Demanded by enterprises and beneficial to everyone

As Linux made its way further into the enterprise, a key feature that it was lacking at one point in time was a journaling file system. This was true in 1999, but today there are four journaling file systems that can solve enterprise server requirements. This article focuses on one of them: JFS.

The file system is one of the most important parts of an operating system. It stores and manages user data on disk drives and ensures that what's read from storage is identical to what was originally written. In addition to storing user data in files, the file system also creates and manages information about files and about itself. Besides guaranteeing the integrity of all that data, file systems are also expected to be extremely reliable and have excellent performance.

Before the year 2000, Ext2 was the de facto file system for most Linux machines; it was robust, reliable, and suitable for most deployments. However, as Linux displaced Unix and other operating systems in more and more large server and computing environments, Ext2 was pushed to its limits. In fact, many now-common requirements - large hard-disk volumes, quick recovery from crashes, high-performance I/O, and the need to store millions of files representing terabytes of data - exceed the capabilities of Ext2.

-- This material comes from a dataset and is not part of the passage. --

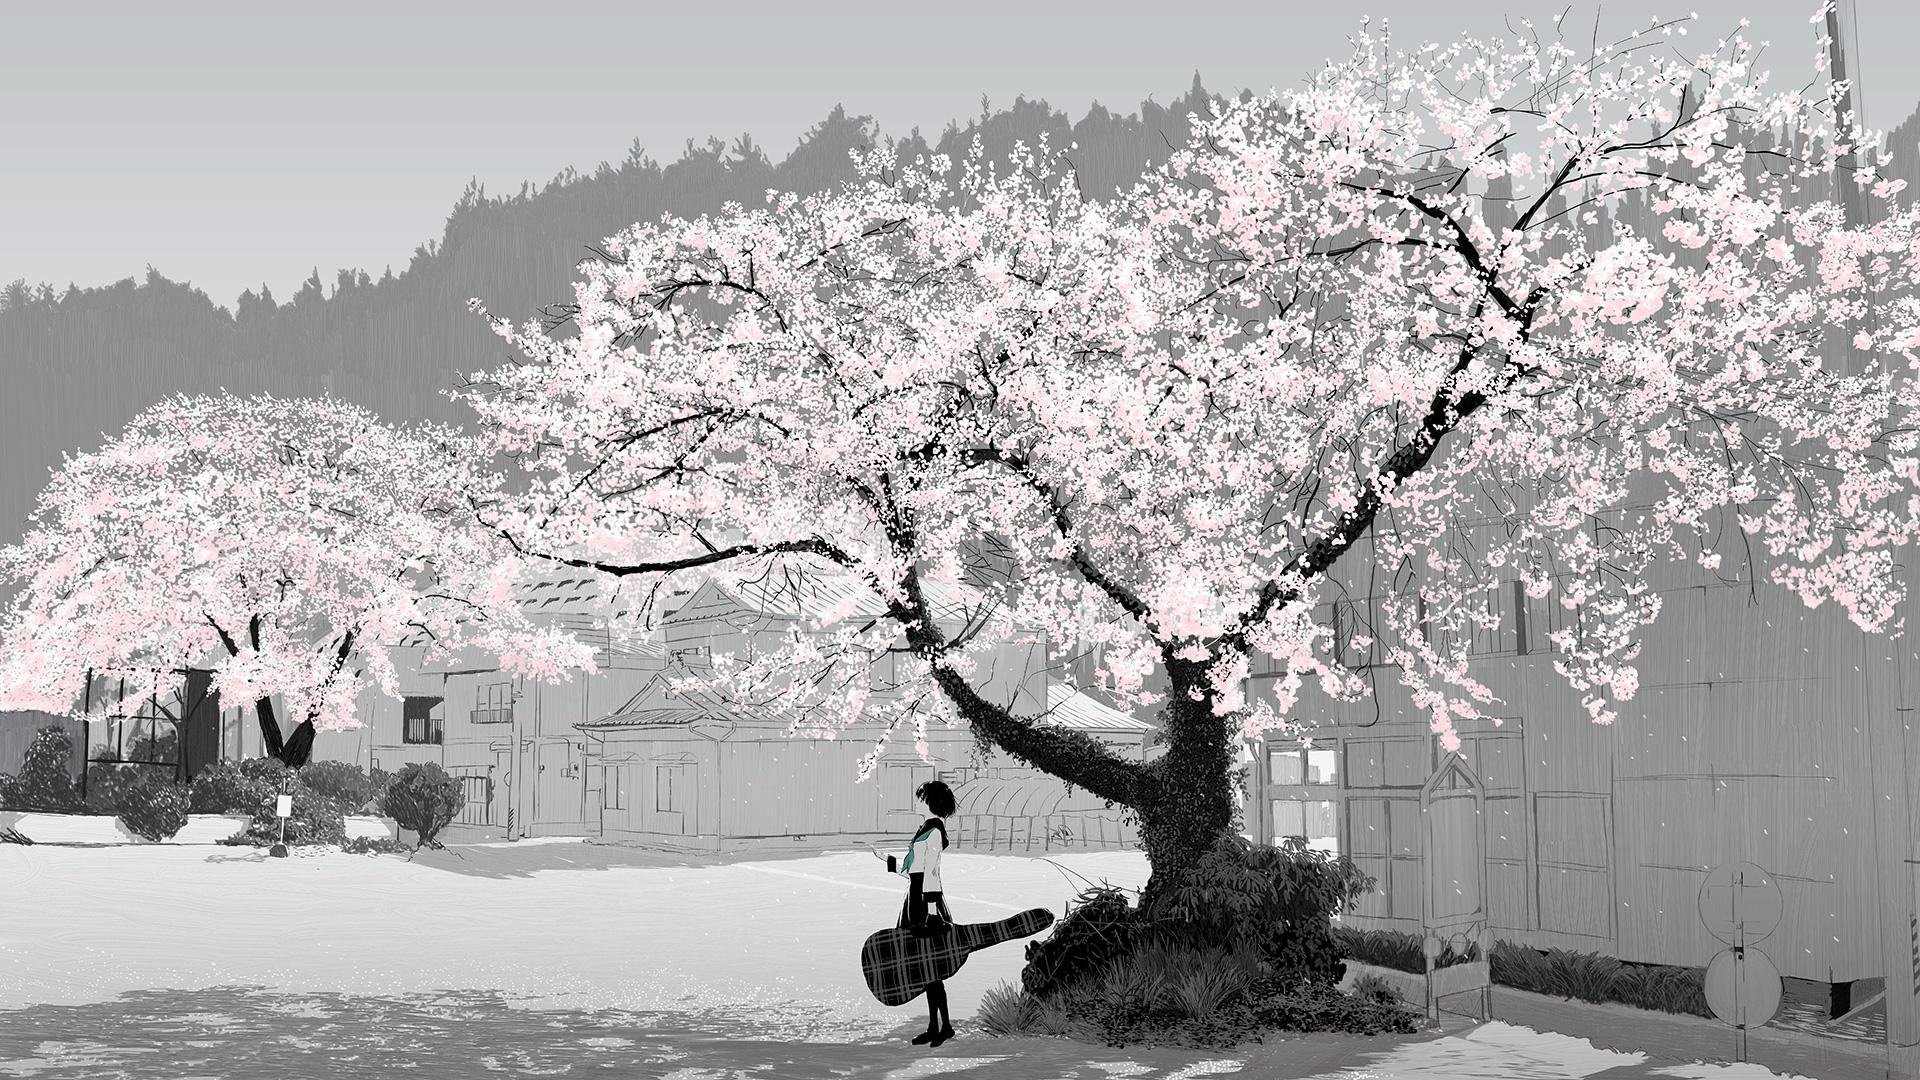 Original Anime Tree Sakura Blossom Guitar School Uniform Skirt Short Hair Girl Black Hair 1920x1080
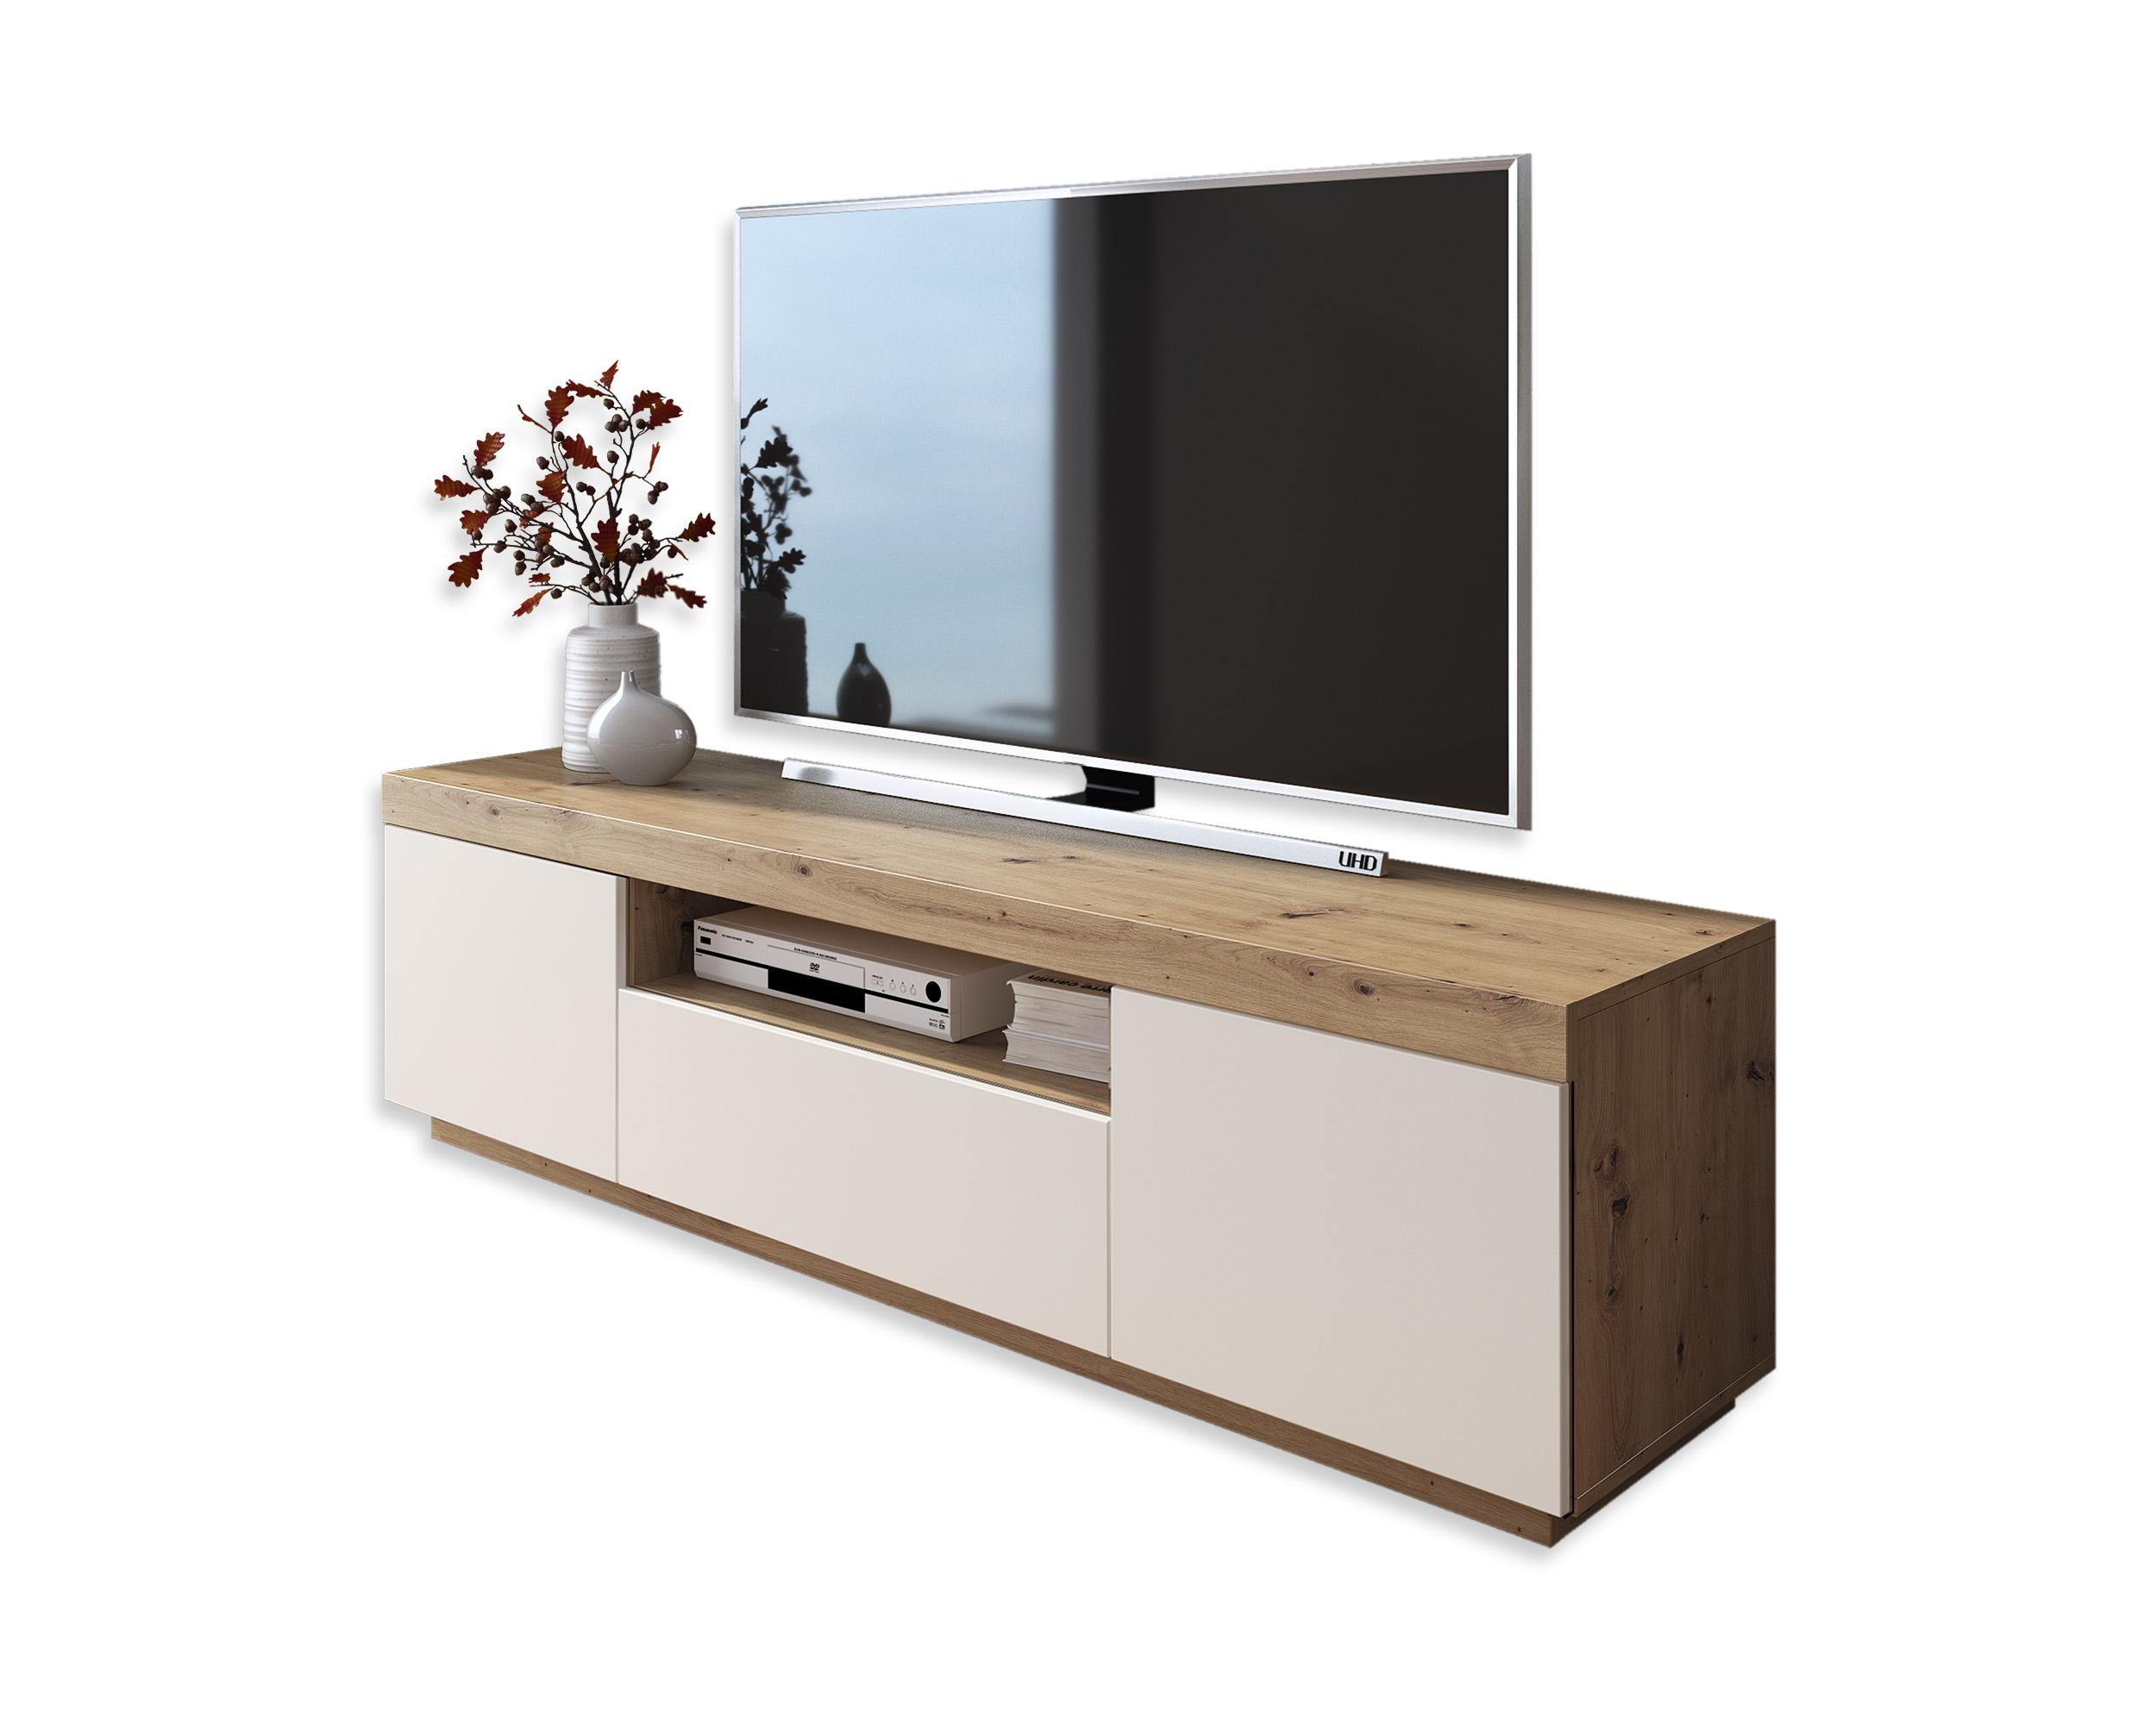 Szafka RTV stolik TV YOSHI wotan biały mat 170 cm

Fortunately, a number of other Linux file systems pick up where Ext2 leaves off. Indeed, Linux now offers four alternatives to Ext2: Ext3, JFS, ReiserFS, and XFS. In addition to meeting some or all of the previously mentioned requirements, each of these alternative file systems also supports journaling, a feature certainly demanded by enterprises but beneficial to anyone running Linux. A journaling file system can simplify restarts, reduce fragmentation, and accelerate I/O. Better yet, journaling file systems make fscks a thing of the past.

To better appreciate the benefits of file systems, it's helpful to speak the vernacular of file systems.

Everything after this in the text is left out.